Is there a general way to continue from this point, or a test so say whether this integral submanifold exists or not?
What I would try is follow the fluxes of $X$ and $Y$ from $(1,1,1)$ and see what happens. If the submanifold for $(1,1,1)$ exists, I should be able to parametrize it this way.
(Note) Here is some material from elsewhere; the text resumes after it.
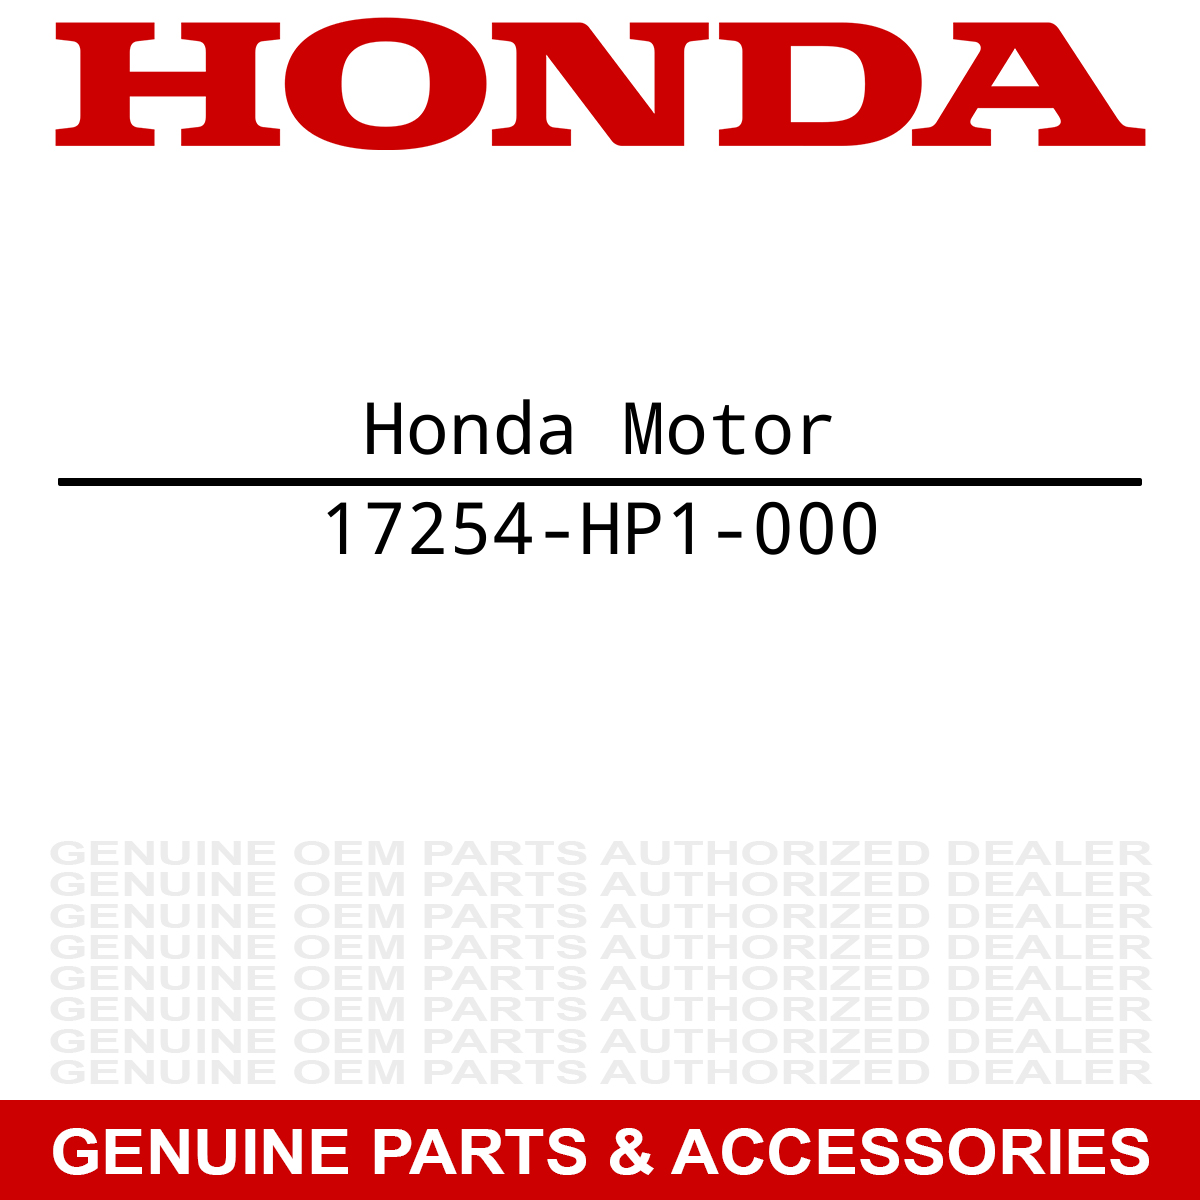 Honda 17254-HP1-000 Element Sportrax 450
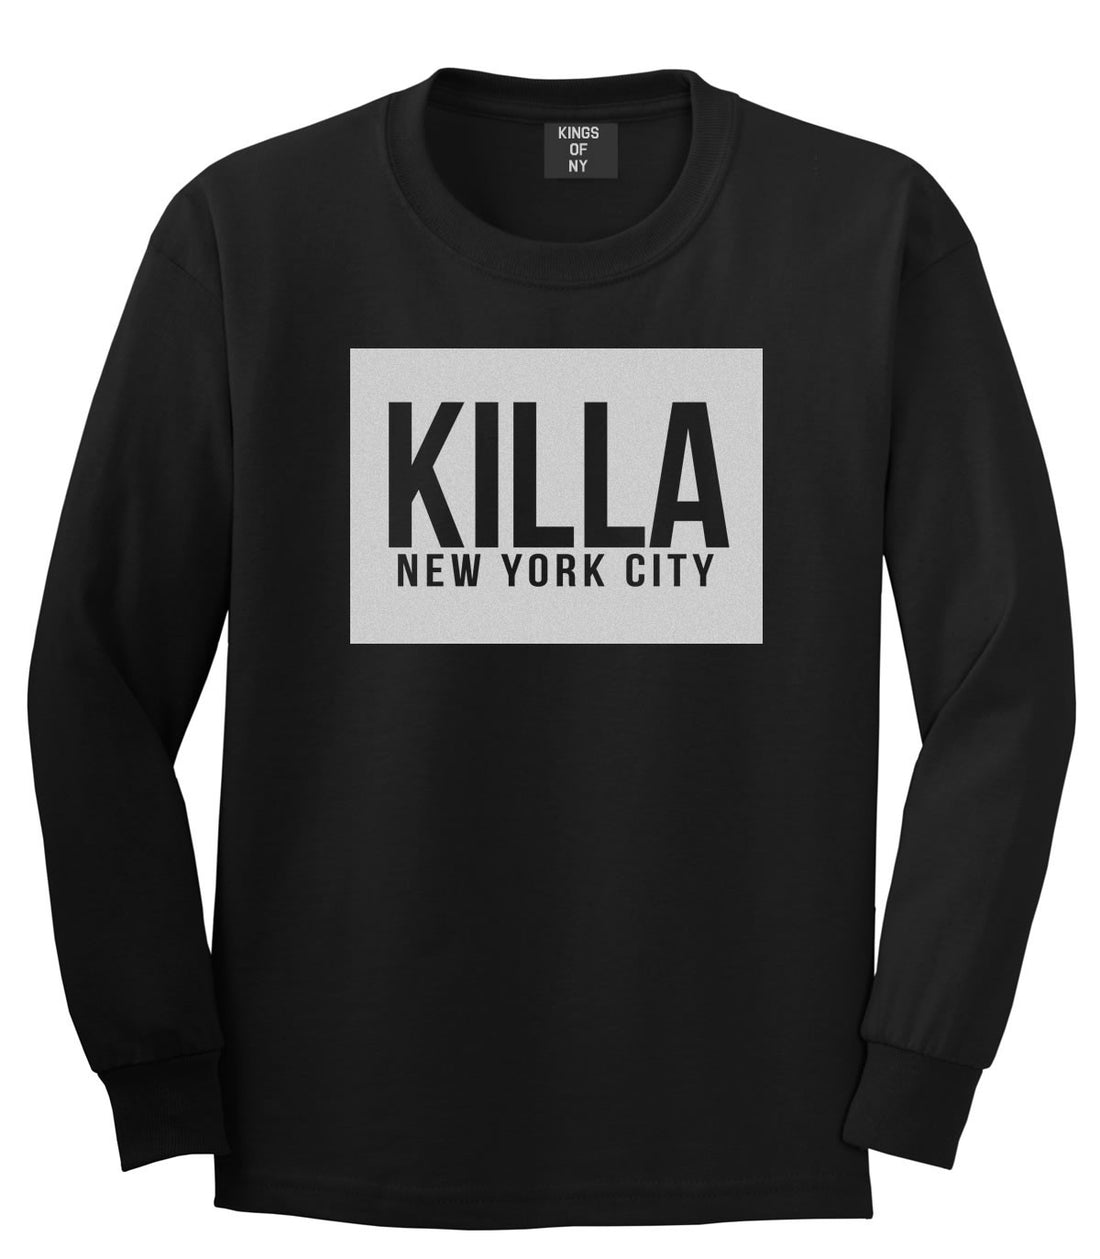 Killa New York City Harlem Long Sleeve T-Shirt in Black by Kings Of NY

This works in the involutive case (Frobenius theorem), but in this non-involutive case the fluxes do not commute, so which should be followed first?
The flux of $X$ is $\theta_t(x,y,z)= \left( x,ye^{te^x},-t+z \right)$, the flux of $Y$ is $\alpha_s(x,y,z)=\left(s+x,y,z \right)$. $$\theta_t \cdot \alpha_s (1,1,1)=\left(s+1,e^{te^{s+1}},-t+1 \right)$$ $$\alpha_s \cdot \theta_t (1,1,1)=\left(s+1,e^{te},-t+1 \right)$$
Case 1
Using $\theta_t \cdot \alpha_s$ we obtain the submanifold parametrized by $(t,s) \mapsto (x,y,z)=\left(s+1,e^{te^{s+1}},-t+1 \right)$, i.e. $s=x-1,t=1-z$ and $$S= \{y=e^{(1-z)e^x}\}$$ $$T_{(a,b,c)}S=<\left(0,be^a,-1 \right),\left(1,b(1-c)e^a,0 \right)>$$ where of course $(a,b,c) \in S$ and $b=e^{(1-c)e^a}$. I would like this space to be $D_{(a,b,c)}$, so these two vectors should fulfill $y+be^az=0$, which does not happen (the first one is ok, but the second is not).
Case 2
Using $\alpha_s \cdot \theta_t$ we obtain the submanifold parametrized by $(t,s) \mapsto (x,y,z)=\left(s+1,e^{te},-t+1 \right)$, i.e. $s=x-1,t=1-z$ and $$S= \{y=e^{(1-z)e}\}$$ $$T_{(a,b,c)}S=<\left(0,be,-1 \right),\left(1,0,0 \right)>$$ $b=e^{(1-c)e^a}$. Again these two vectors should fulfill $y+be^az=0$, which does not happen (the second one is ok, but the first is not).
Does this mean the integral submanifold for $(1,1,1)$ does not exist?